◆ WORK TO COMPLETE: Your task is to transcribe exactly, and only, the lines running from the one with "Hitachi NT50AGF manual" to the end of the listing below, inclusive, with every picture left out.

◆ DATA:
┄┄┄┄┄┄┄┄┄┄┄┄┄┄┄┄┄┄┄┄

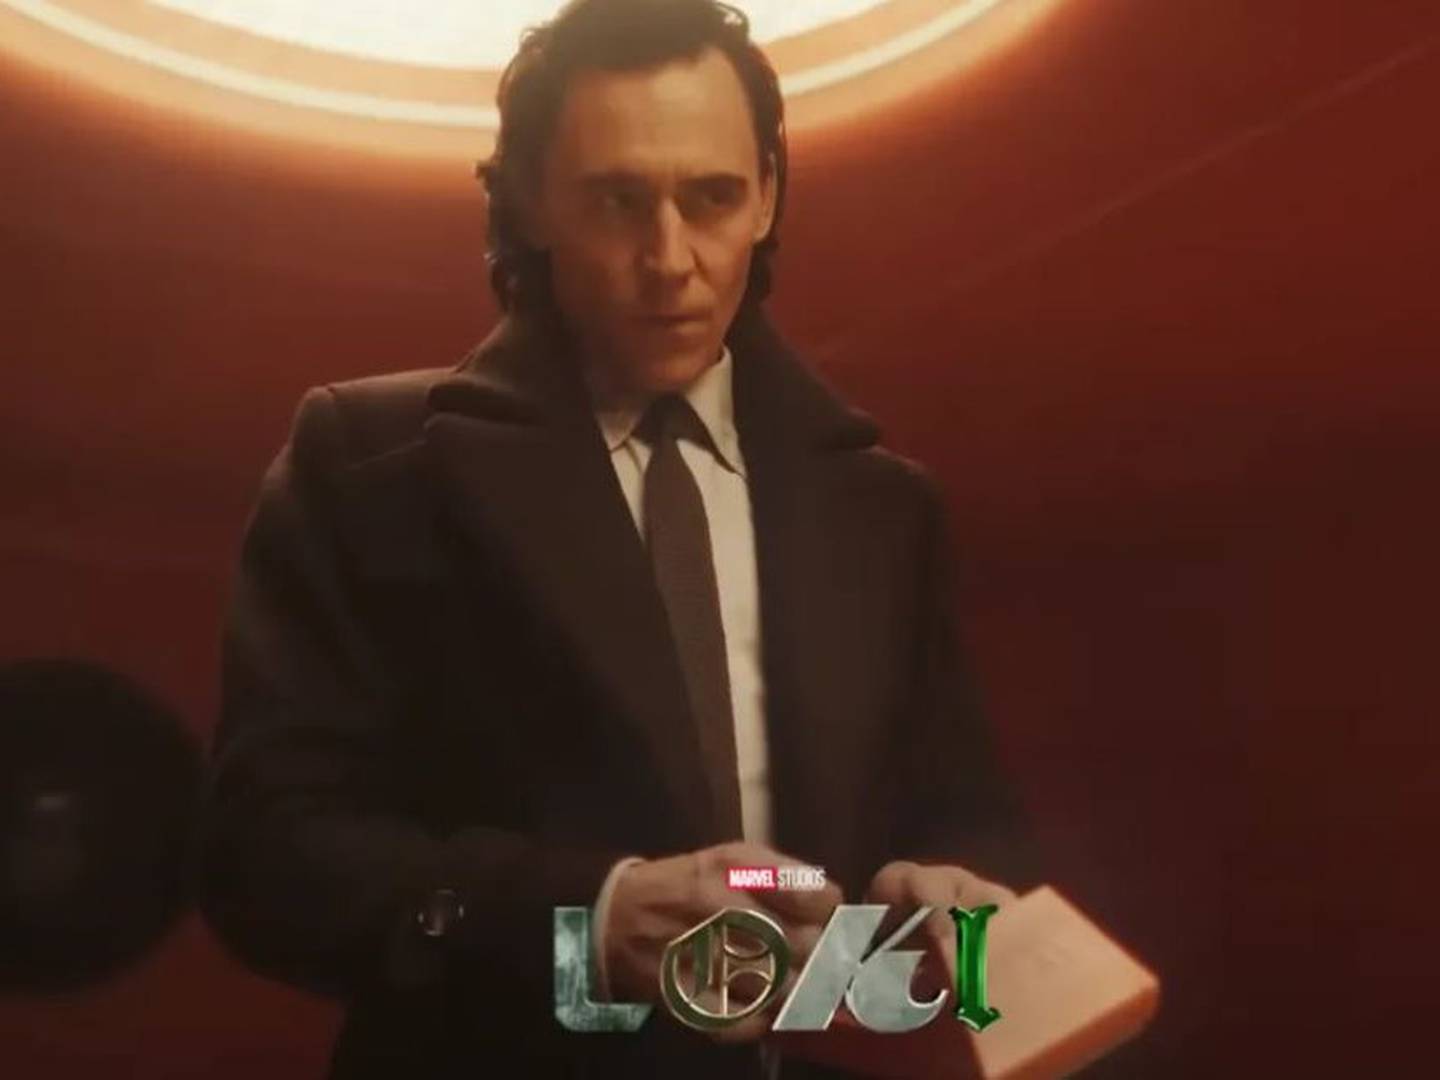 Loki temporada 2 capítulo 5 ONLINE GRATIS, cuántos capítulos tiene la  segunda temporada de Loki, Loki season 2, Owen Wilson, Disney Plus, Marvel
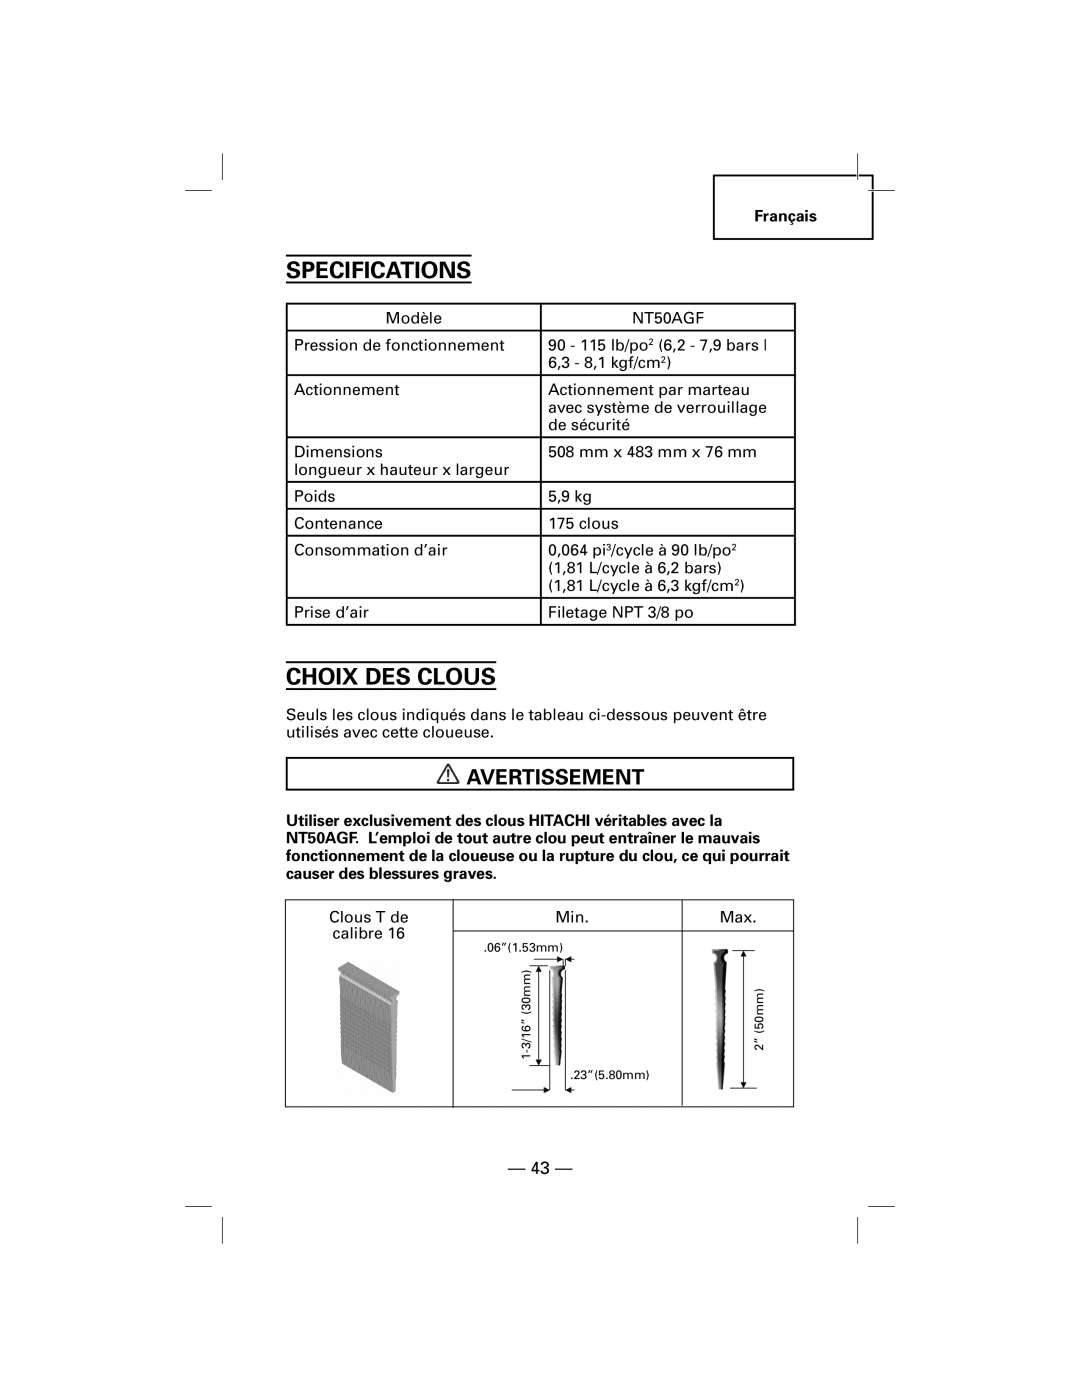 Hitachi NT50AGF manual Choix Des Clous, Avertissement, Specifications 
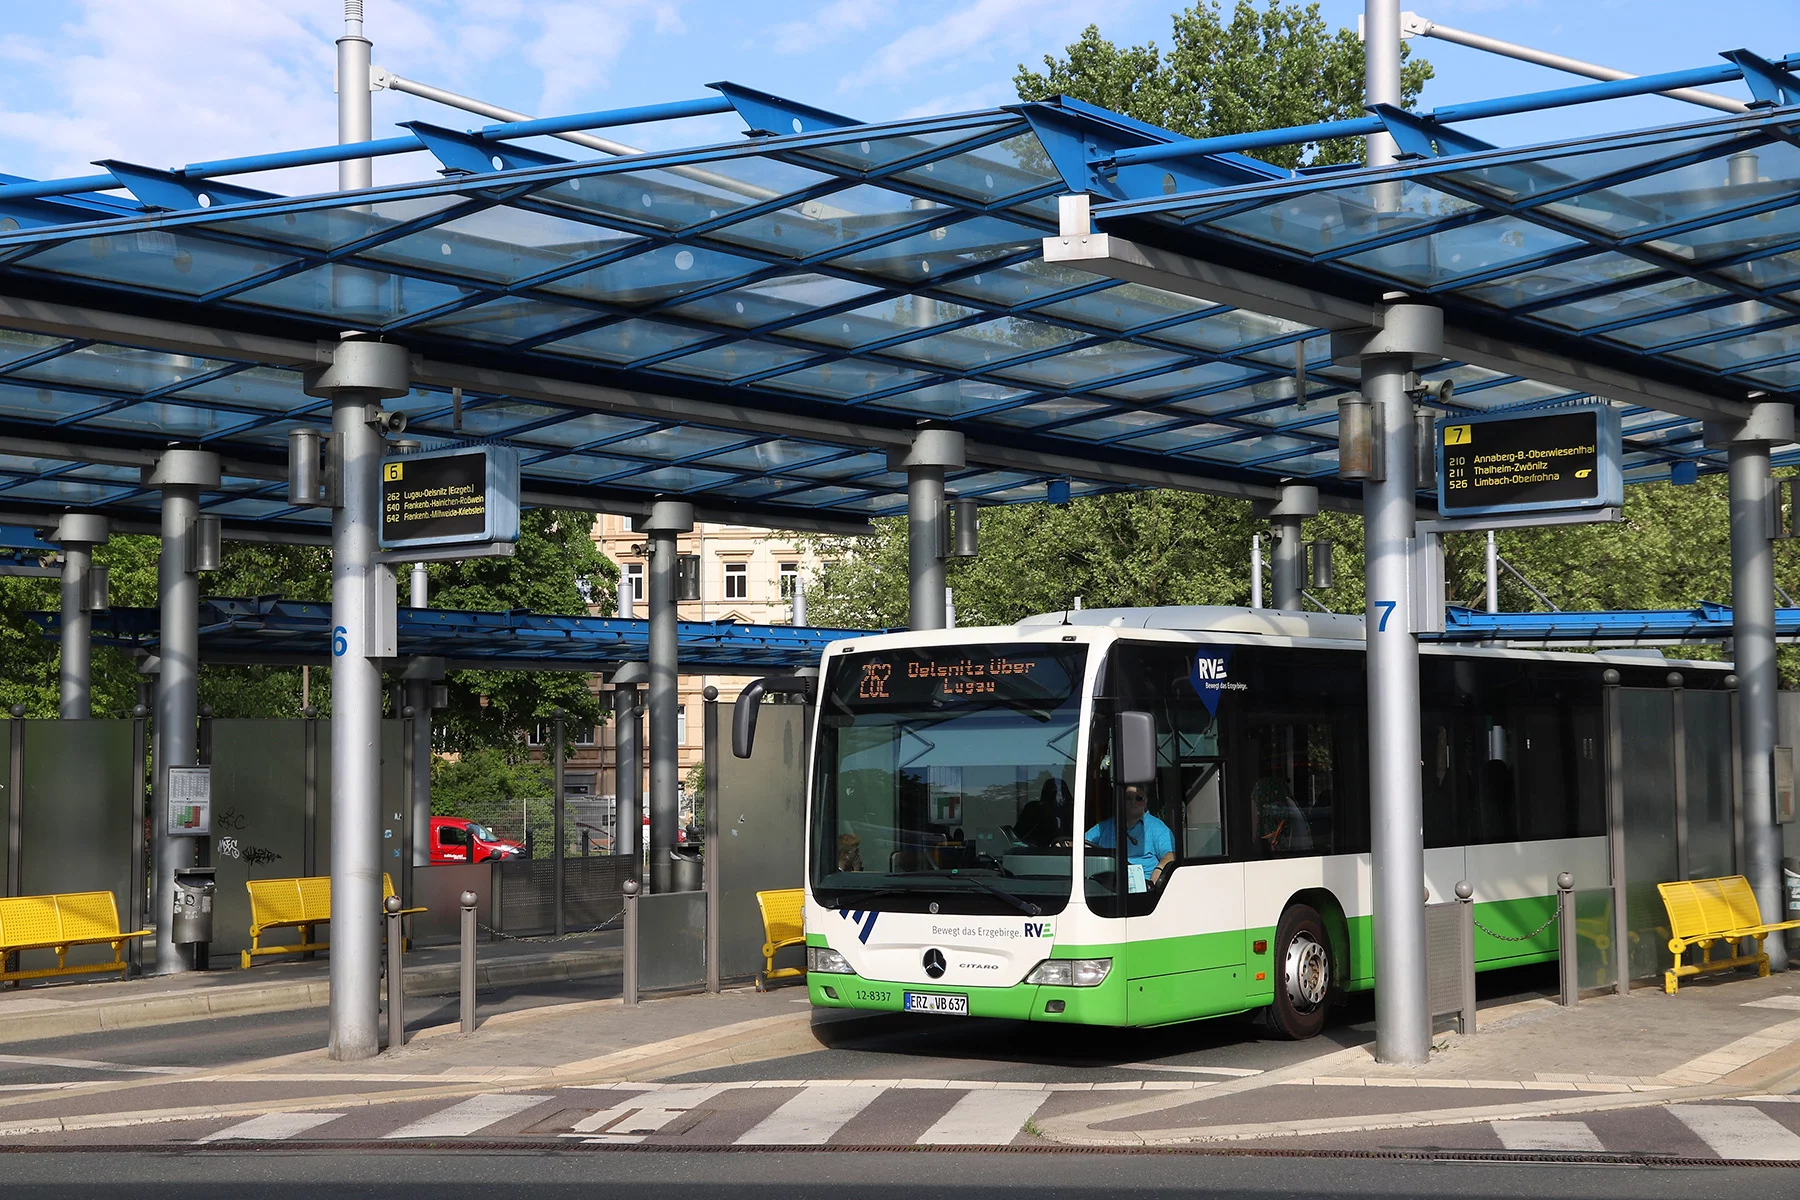 Bus station in Chemnitz

┄┄┄┄┄┄┄┄┄┄┄┄┄┄┄┄┄┄┄┄

◆ ANSWER SPACE:
 Hitachi NT50AGF manual Choix Des Clous, Avertissement, Specifications 
 Bus station in Chemnitz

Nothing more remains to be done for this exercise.